• TASK REQUIREMENTS:
The line with "Jazz Soul's unreproduced waveform" marks where to begin; print it and all lines after it in the material below exactly, skipping pictures.

• DATA EXCERPT:
__________________________________________________

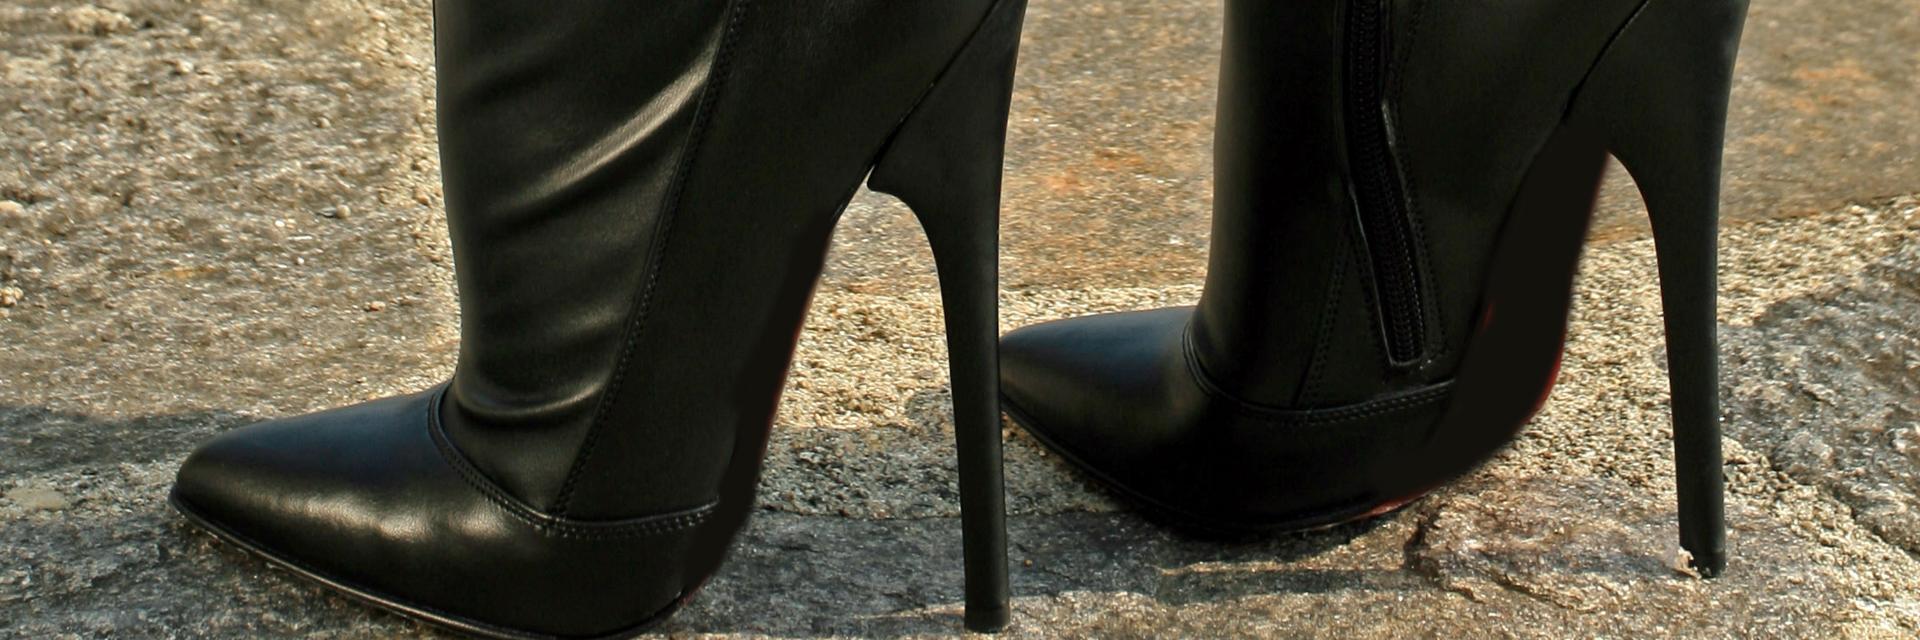 high heels online kaufen damen pumps benetton high heels modische high heels damen sandaletten. Black Bedroom Furniture Sets. Home Design Ideas
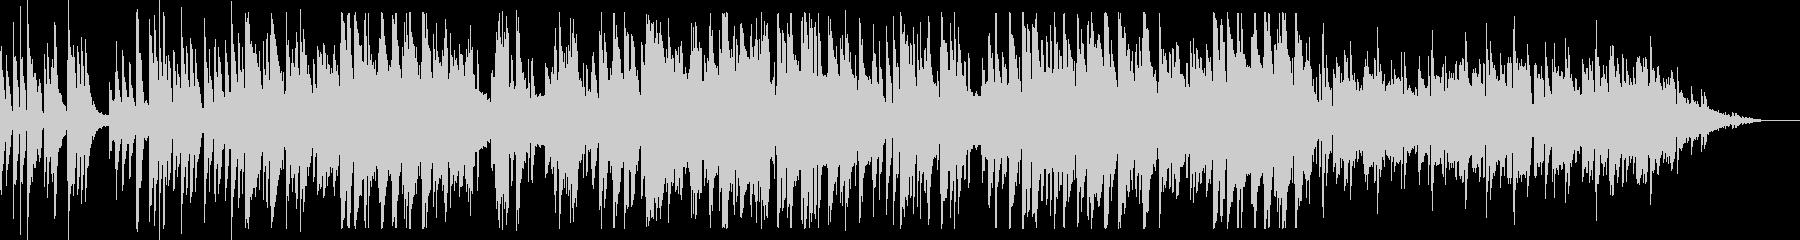 Jazz Soul's unreproduced waveform
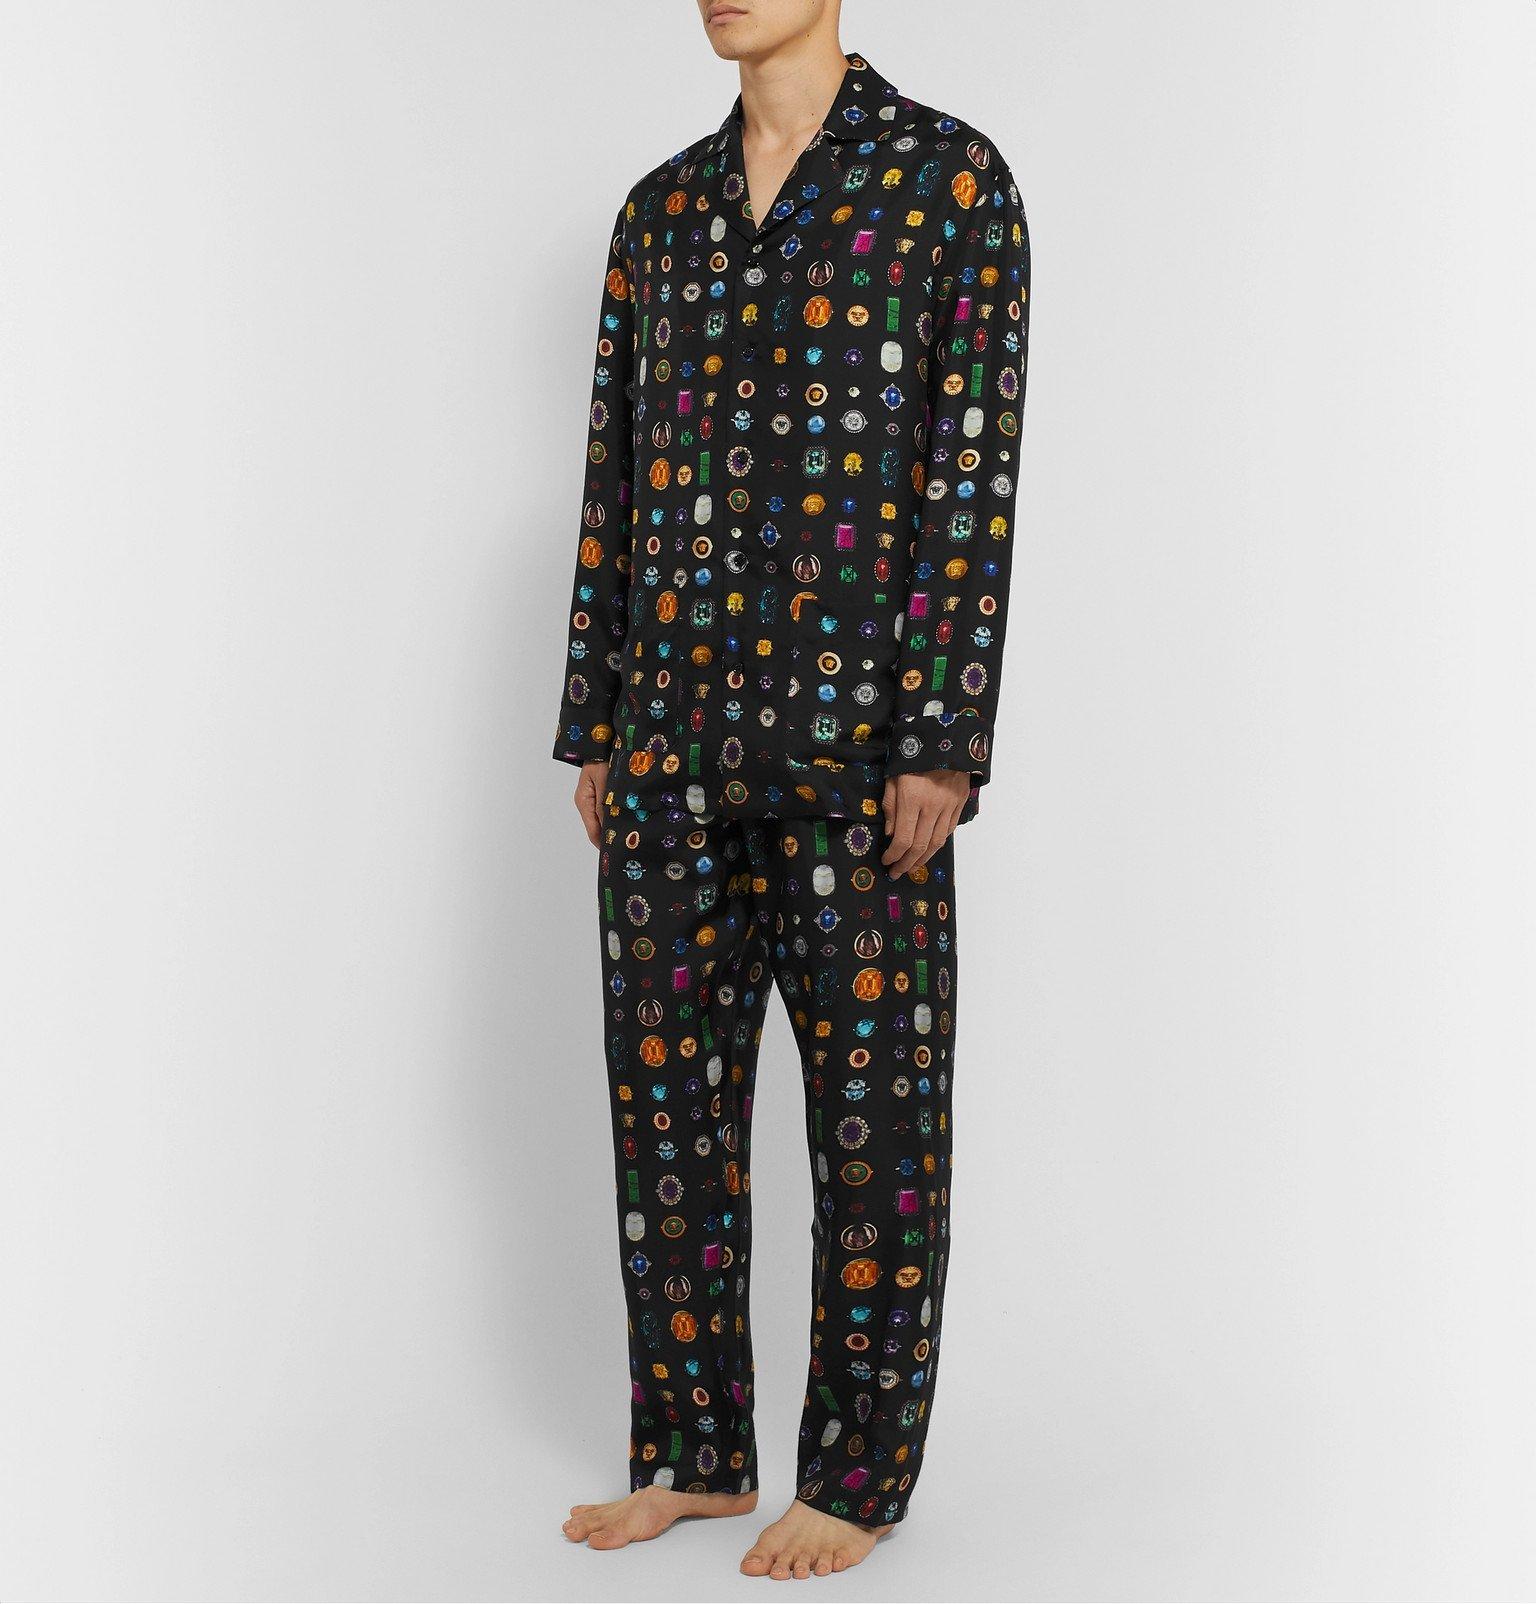 Versace - Printed Silk-Twill Pyjama Trousers - Black

__________________________________________________

• RESPONSE TO THE TASK:
 Jazz Soul's unreproduced waveform
 Versace - Printed Silk-Twill Pyjama Trousers - Black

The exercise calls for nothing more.